• [Recorded information]:

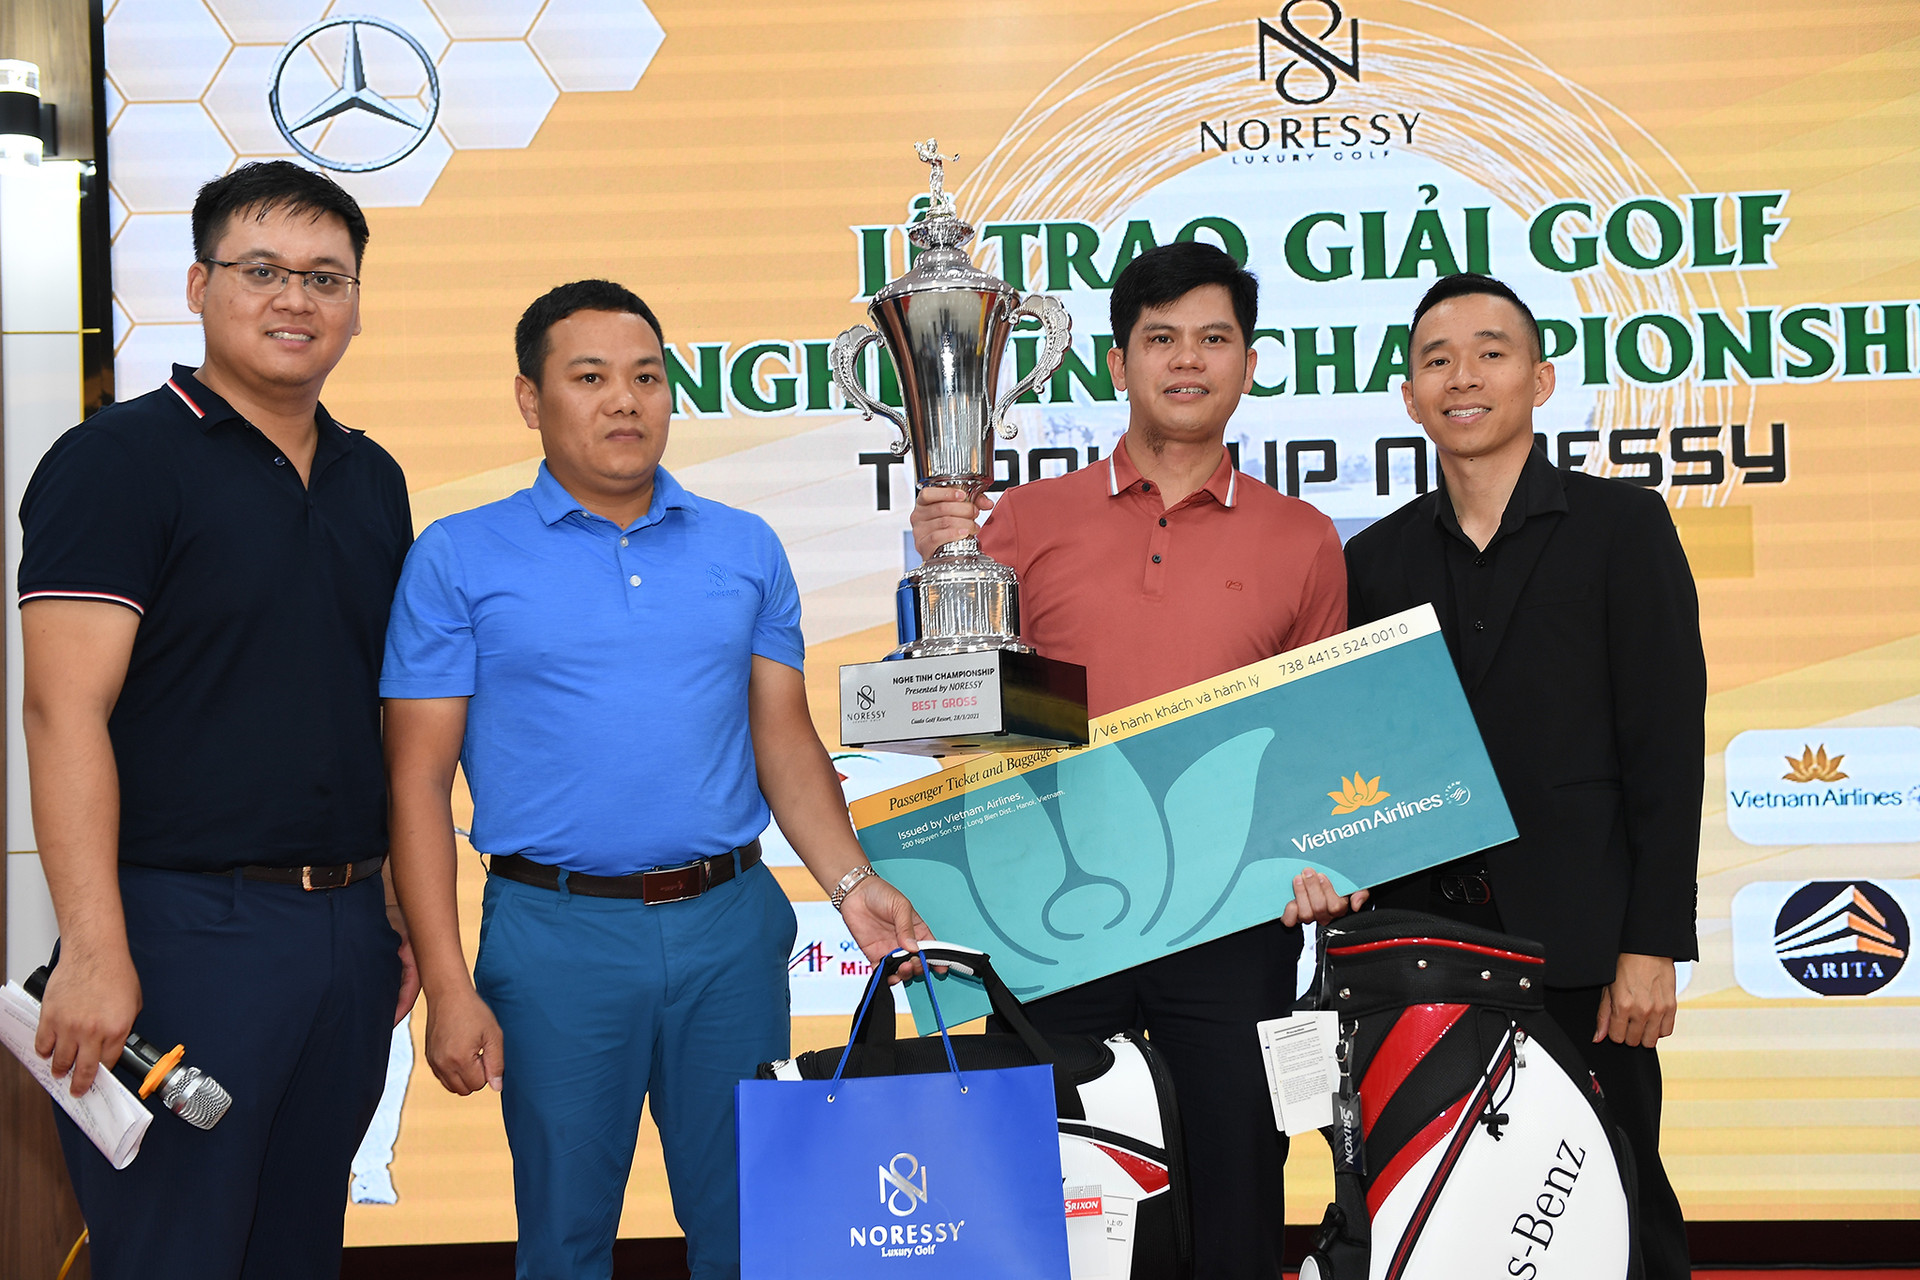 Golfer Đậu Ngọc Linh vô địch giải golf Nghệ Tĩnh Championship tranh cúp Noressy - Ảnh 2.
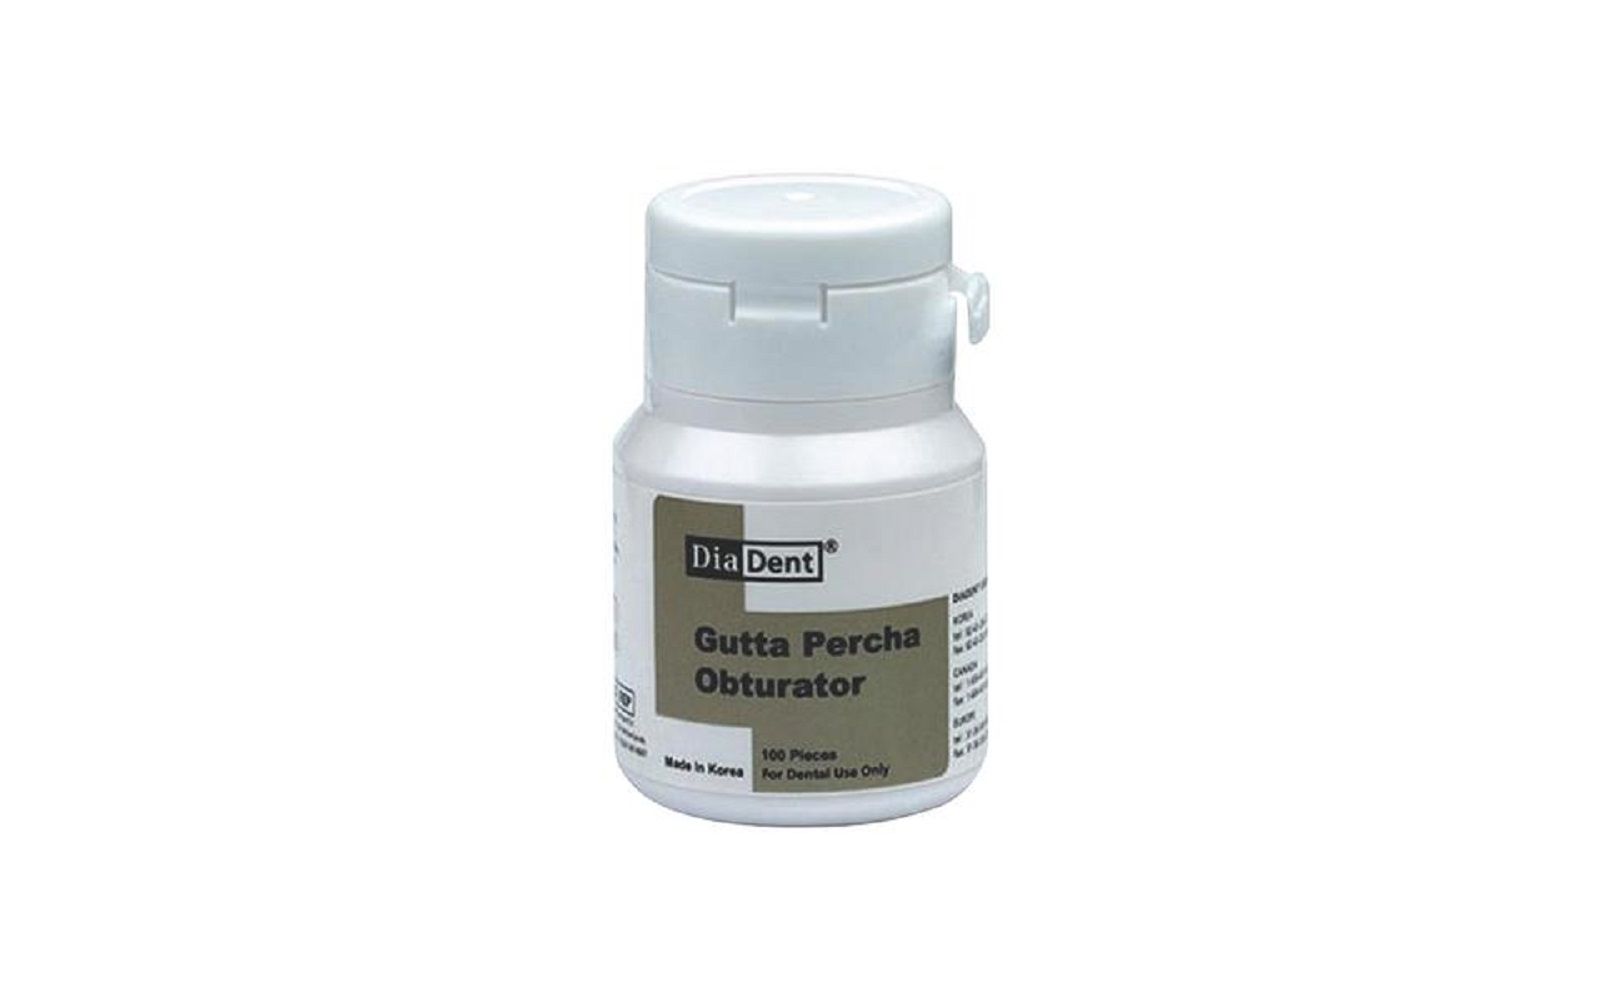 Gutta percha obturator – pellets, 100/pkg
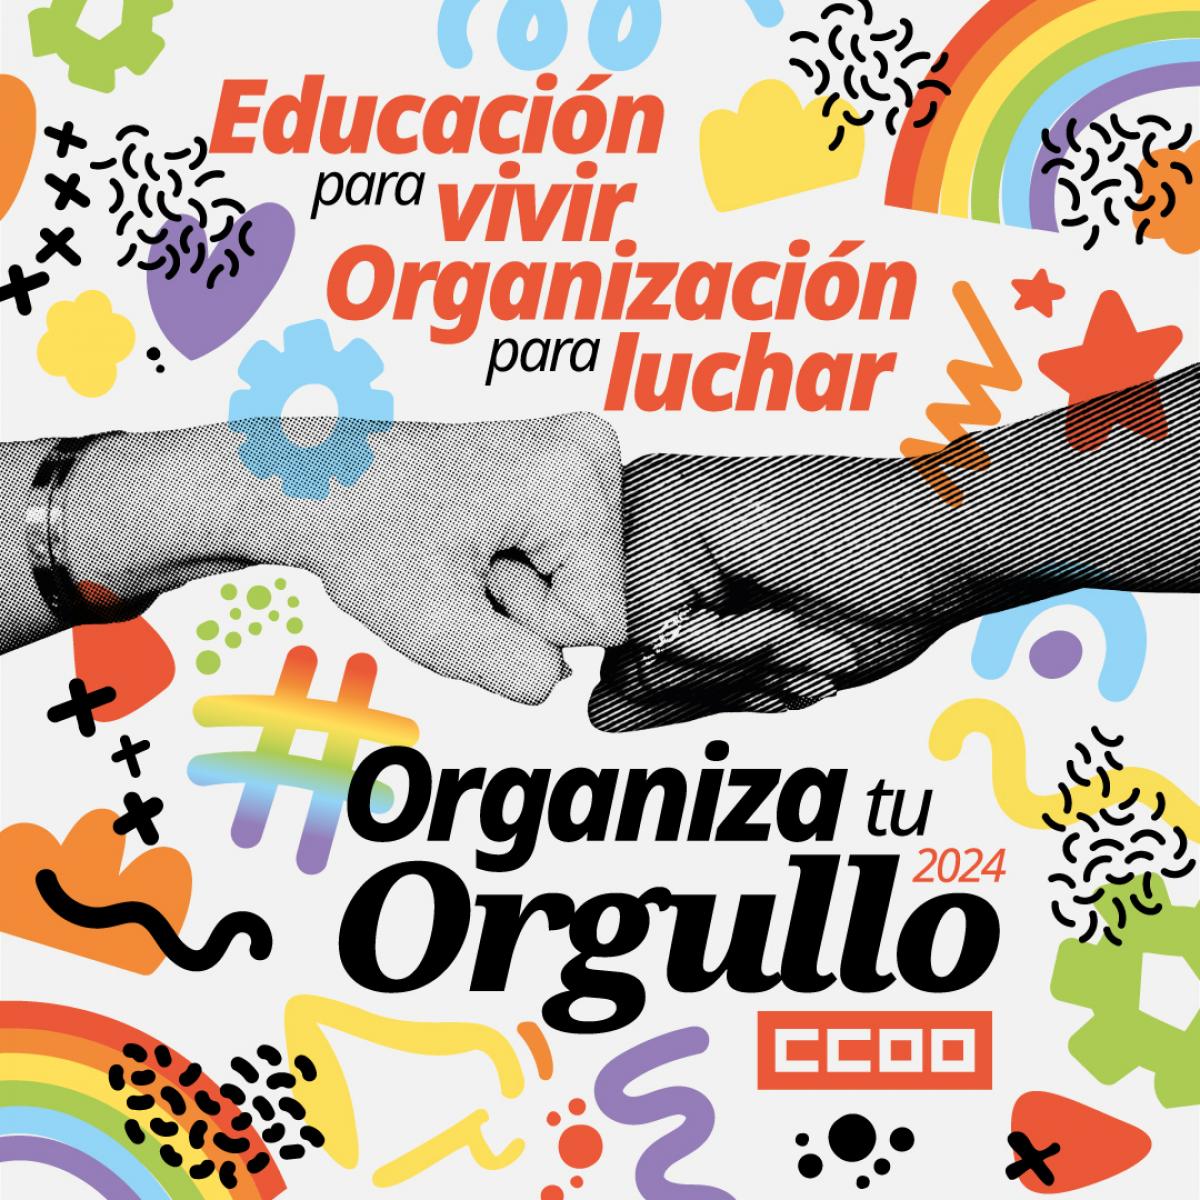 #OrganizaTuOrgullo

• [Task directions]: Repeat the data word for word, excluding any image.

• [Solution]:
 Golfer Đậu Ngọc Linh vô địch giải golf Nghệ Tĩnh Championship tranh cúp Noressy - Ảnh 2.
 Gutta percha obturator – pellets, 100/pkg
 #OrganizaTuOrgullo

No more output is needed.